文:Michelle Meyers(CNET News.com)
翻訳校正:ラテックス・インターナショナル
2008/10/03 08:55
Kate McAlpineさんを300フィート(約91.4m)地下にある巨大な粒子加速器に入れてもいいし、ラップビデオに収めてもいい。ただし、枠にはめてはならない。
これが、最近、ラップビデオの「Large Hadron Collider」で「YouTube」のヒットチャートの上位に浮上したミシガン州出身の23歳が、ずっと前にサイエンスライターとしてのキャリアを選択した際に奉じた信条だ。McAlpineさんは、高校生のときに人を特定の分野にはめようとする職業適性テストを受けたのだが、その結果に憤慨した父親に感謝している。

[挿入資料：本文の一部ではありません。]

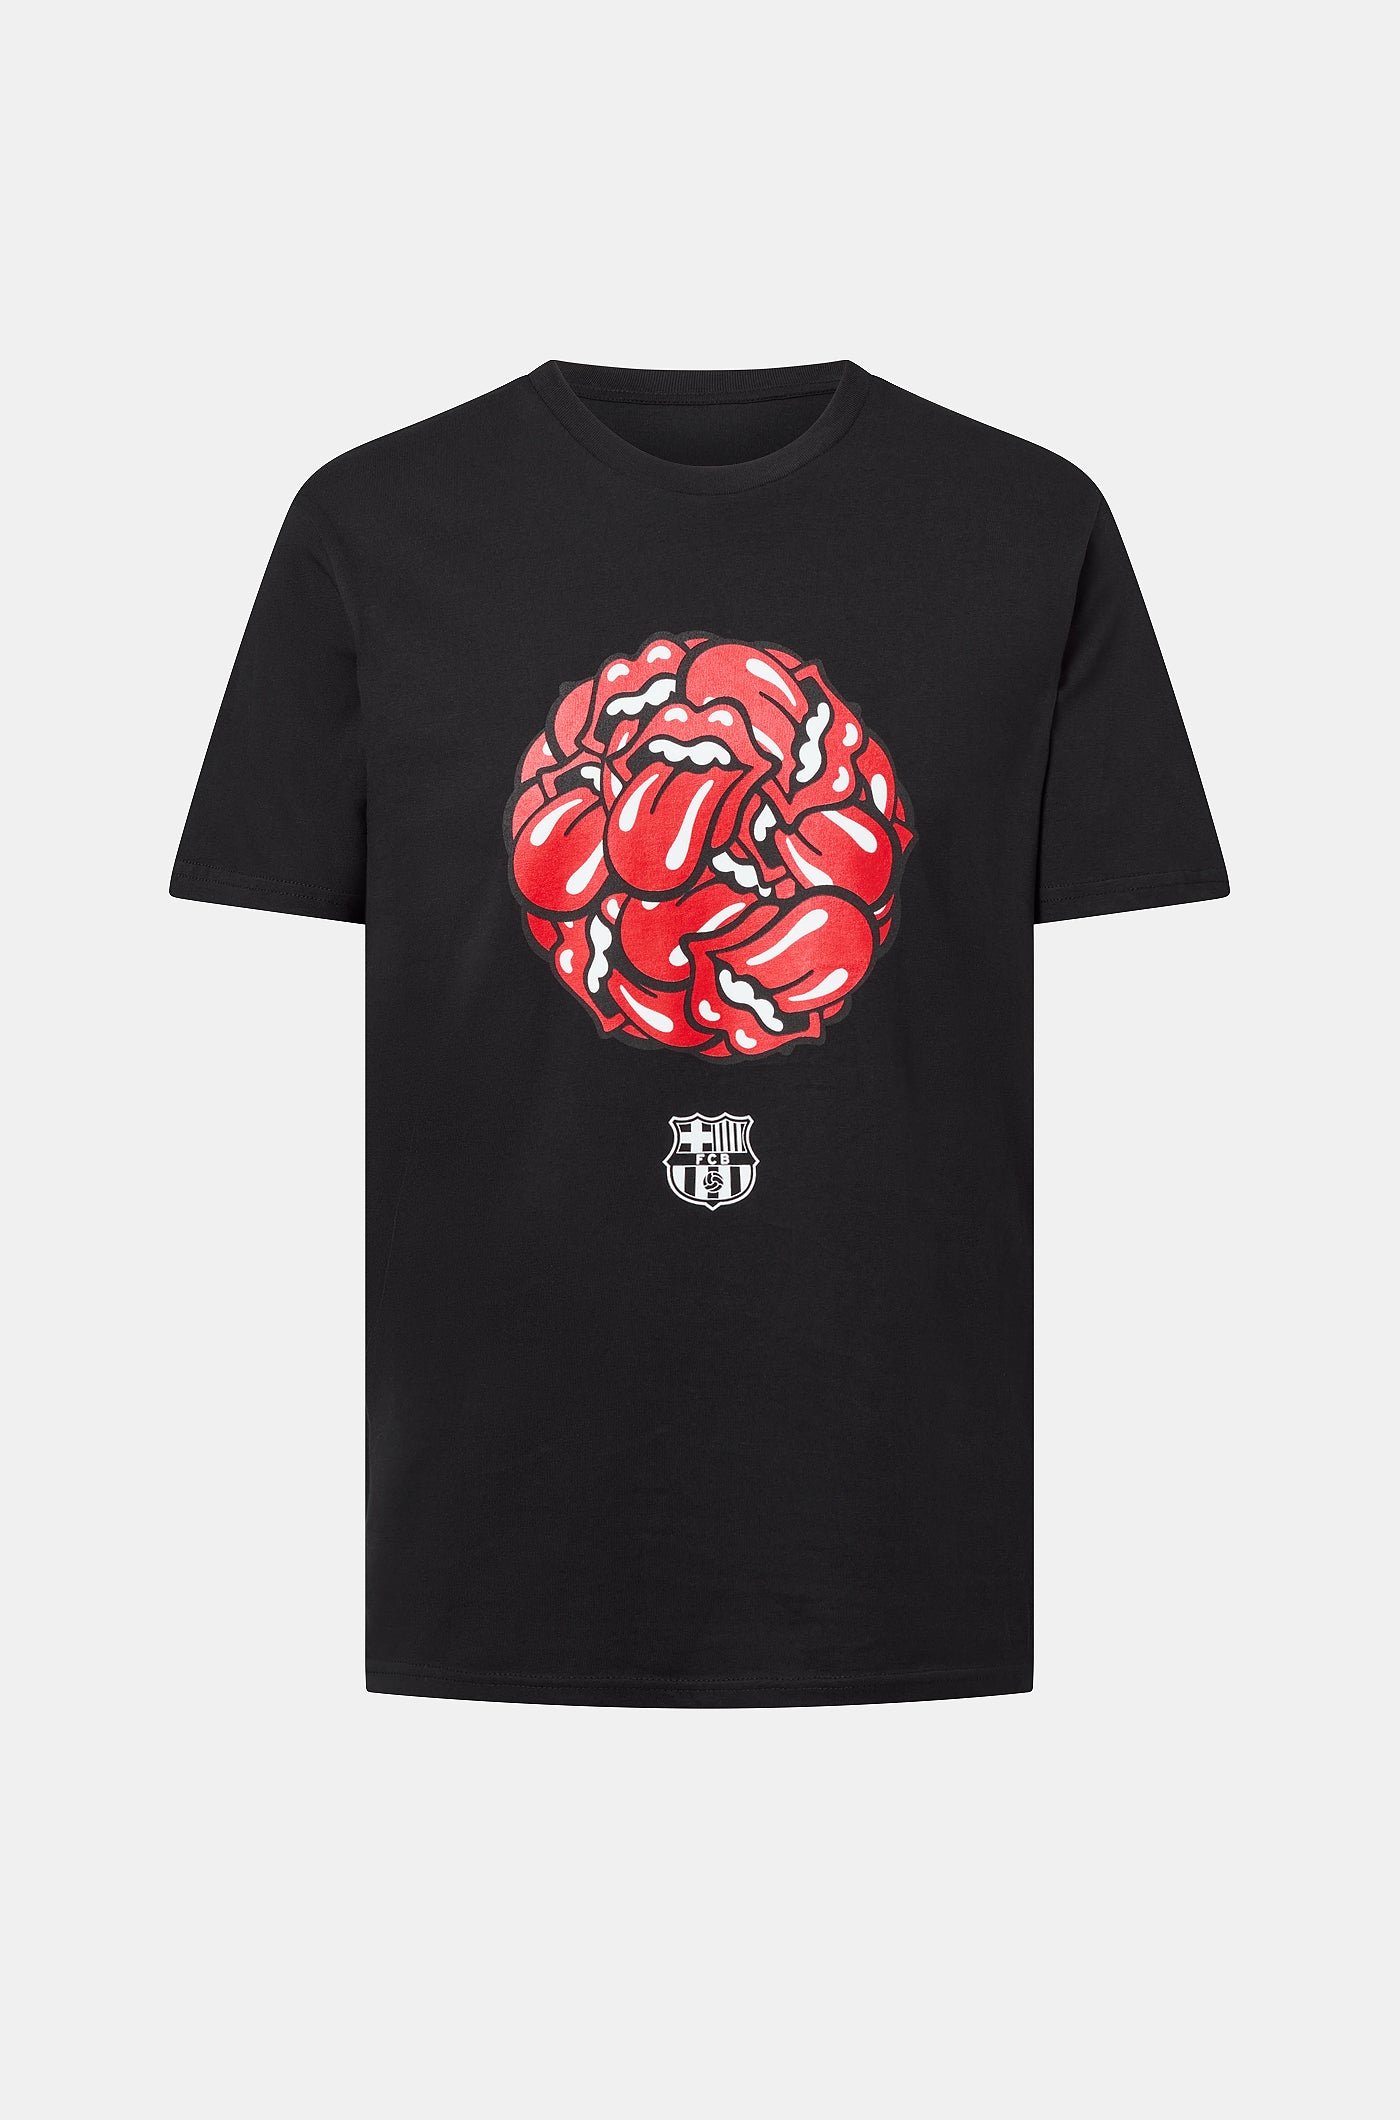 T-Shirt Barça x Rolling Stones, limitierte Auflage

大型ハドロン衝突型加速器のアトラス検出器内部でポーズを取るKate McAlpineさん。現在はCERNの広報活動に専念している。McAlpineさんは、「このテスト結果はおまえを枠にはめようとしている」という父親の言葉を覚えている。しかし、彼女は枠にははまらなかった(それは、McAlpineさんがミシガン州立大学でプロフェッショナルライティングと物理学の両方の学位を取得したこと、そして、自己紹介文に「わたしは科学とライティングが交差する場所に陣を張っている」と書かれていることからもわかる)。
さらに、文学と科学の世界(そして、いまどきの若者と学者)の融合を決意したMcAlpineさん、別名「alpinekat」は、科学原理を説明するために、「School House Rock」とヒップホップを効かせた「Bill Nye the Science Guy」をミックスさせたようなラップを書き始めた。

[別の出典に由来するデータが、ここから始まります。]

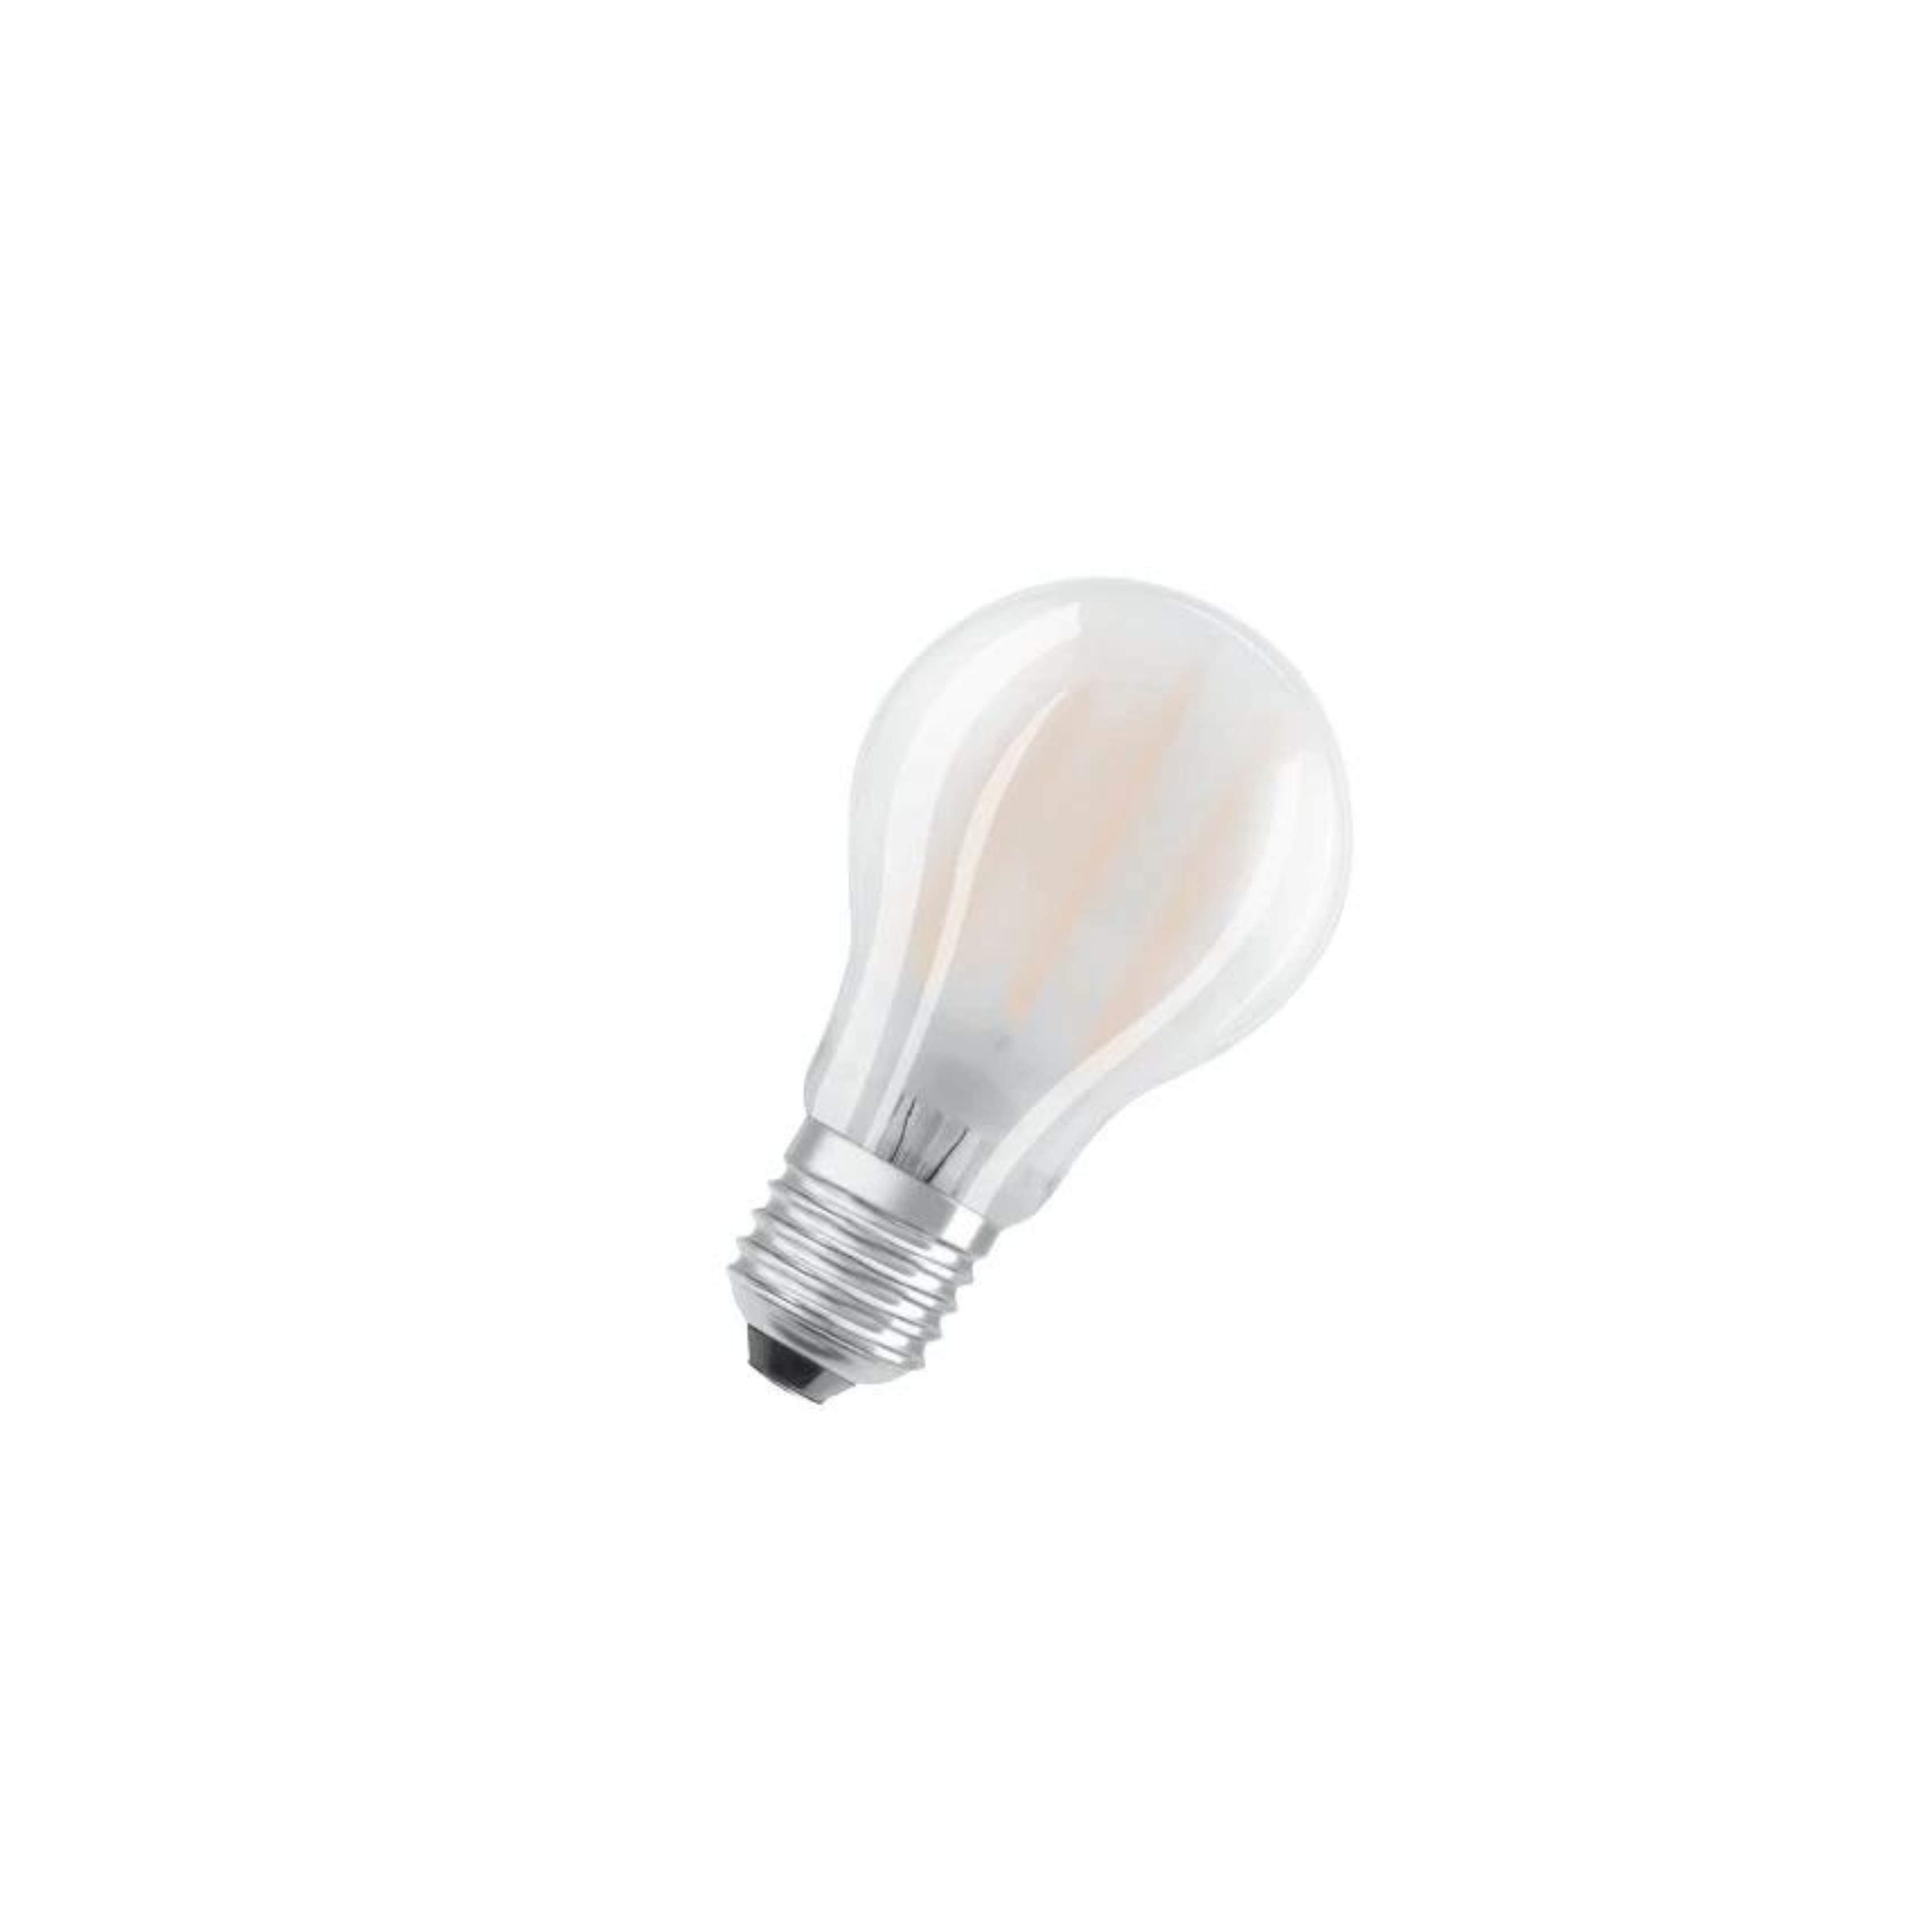 Ampoule LED E27 de 4W, pour applique ou lampe de chevet : Millumine

McAlpineさんの最初のラップは、自身が夏休みのインターンで過ごしたミシガン州のNational Superconducting Cyclotron Laboratoryについてだった。McAlpineさんは、Eminemの「Lose Yourself」の「Back to the lab again yo」という一節になんとなく似ていると述べている。2曲目は、米国物理学会のインターンとして働いていたときに、ニューロチップについて書いたもので、ラップを動画にしてYouTubeに投稿した。

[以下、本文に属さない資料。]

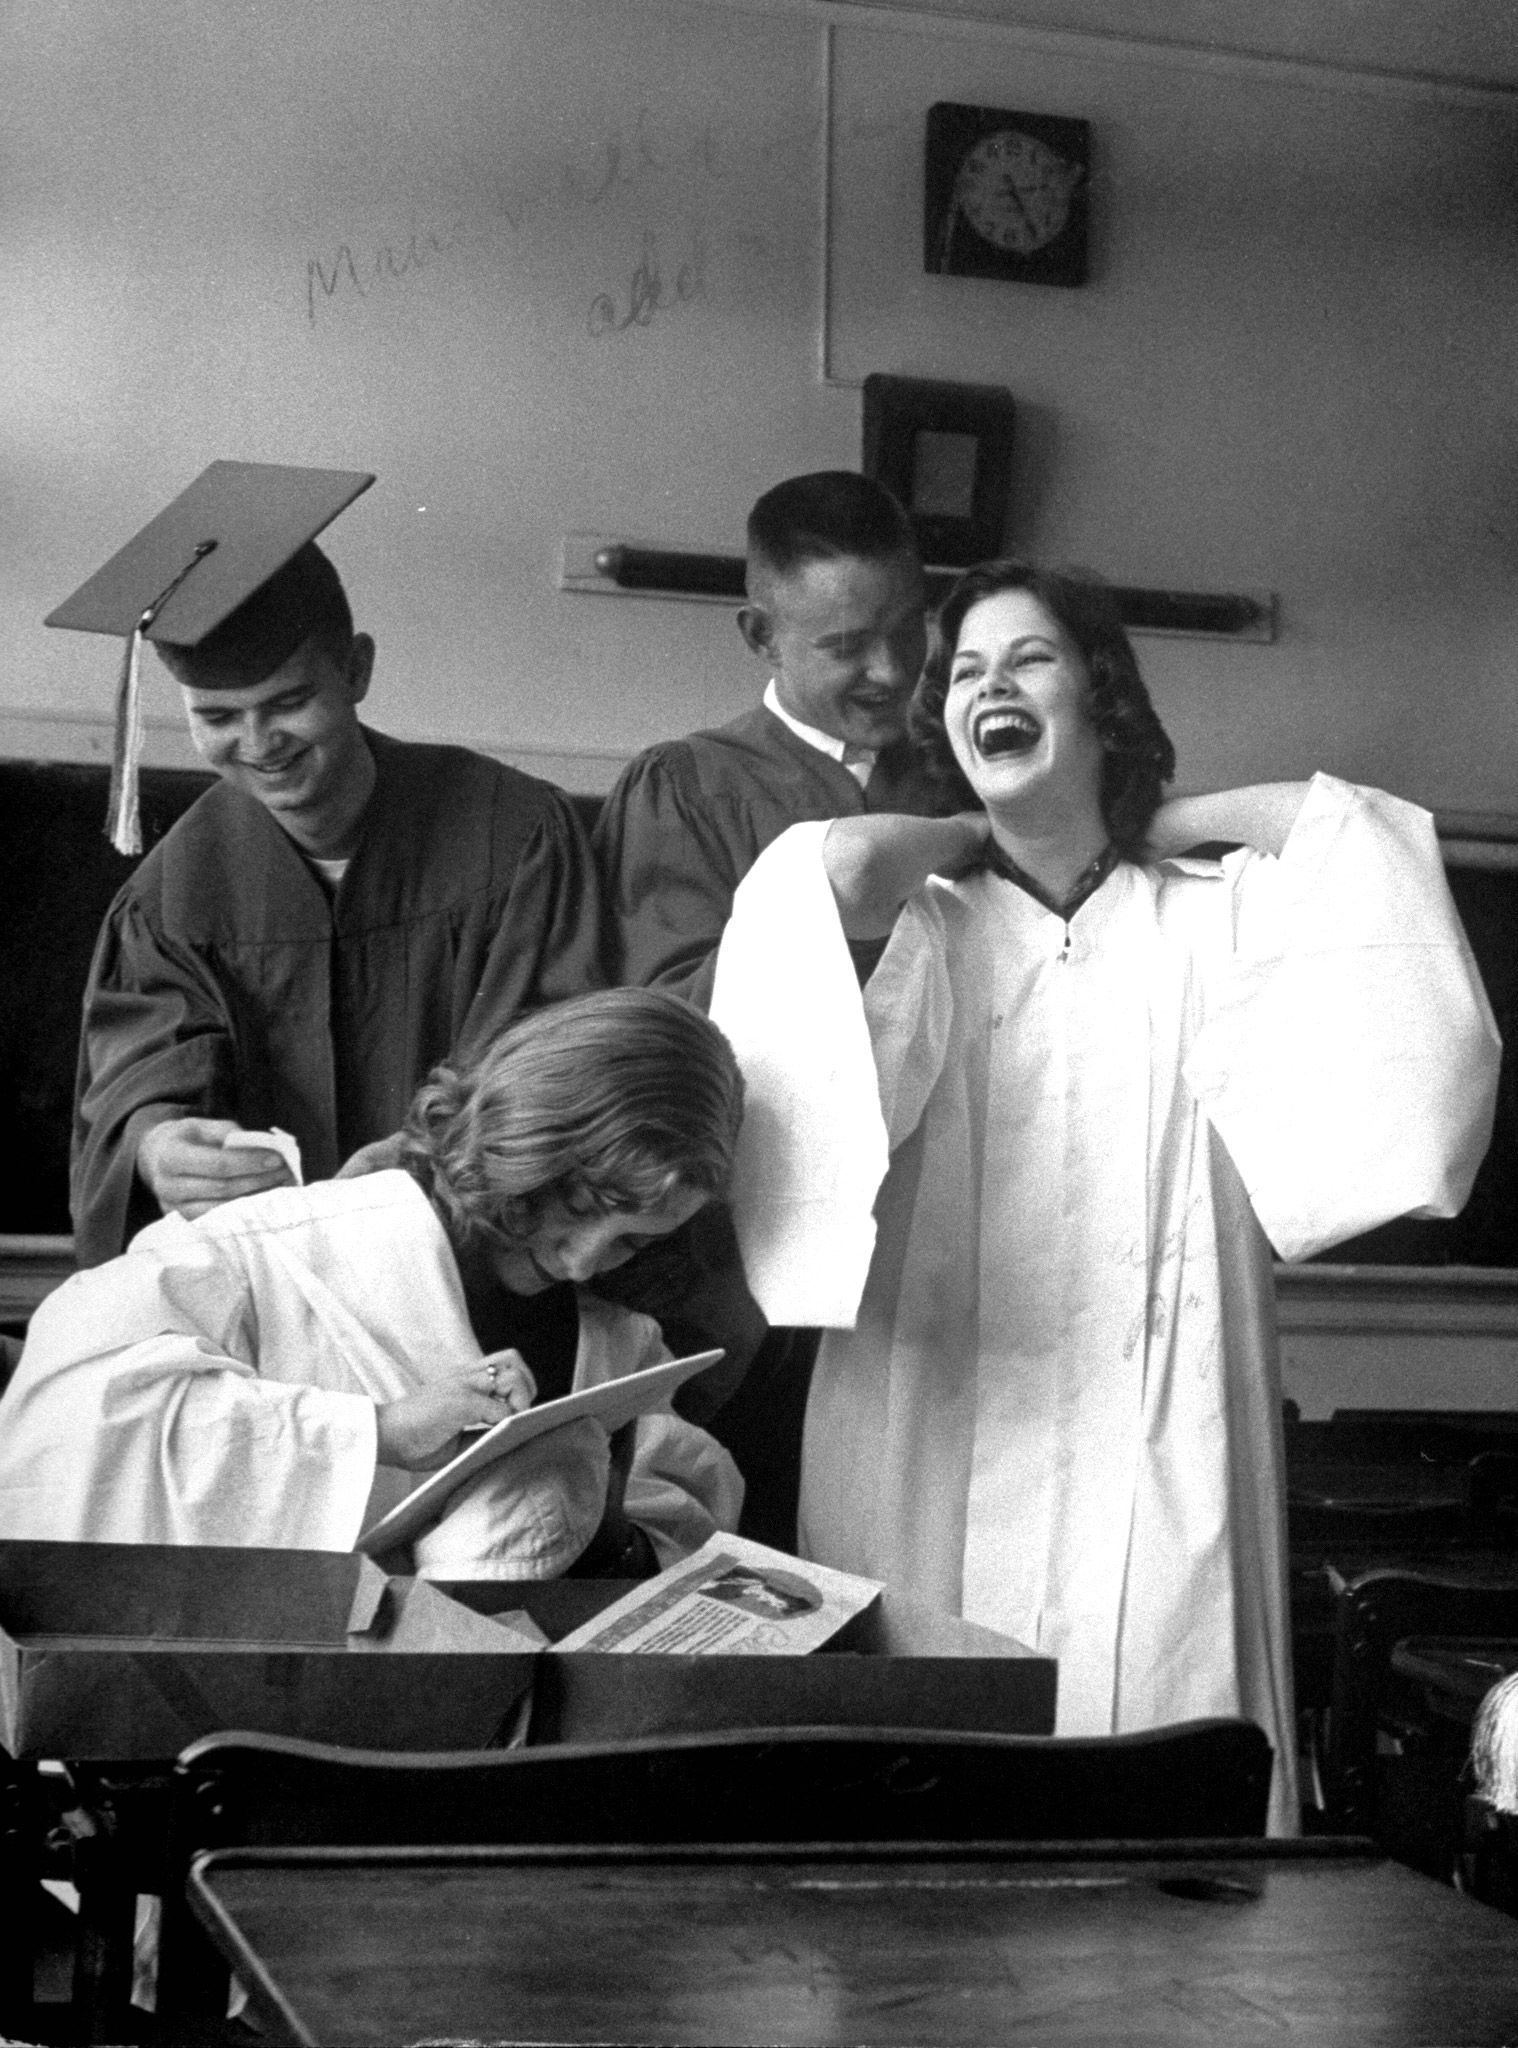 Hempstead High School class of 1958.

McAlpineさんの曲が大ヒットしたのは、先に述べた3作目の「Large Hadron Rap」だった。この曲は、シンプルだが易しすぎない表現で、欧州原子核研究機構(CERN)の大型ハドロン衝突型加速器(LHC)で行われた素粒子物理学の実験について説明している。McAlpineさんは、幅広いライティング能力とコミュニケーション能力を買われ、インターンとしてCERNで働いている。フランスとスイスの国境の地下約300フィートにある巨大な粒子加速器の中でダンスしている同僚のCERNのインターンをフィーチャーしたラップビデオは、YouTubeで330万回以上再生されており、1000近いコメントが寄せられている。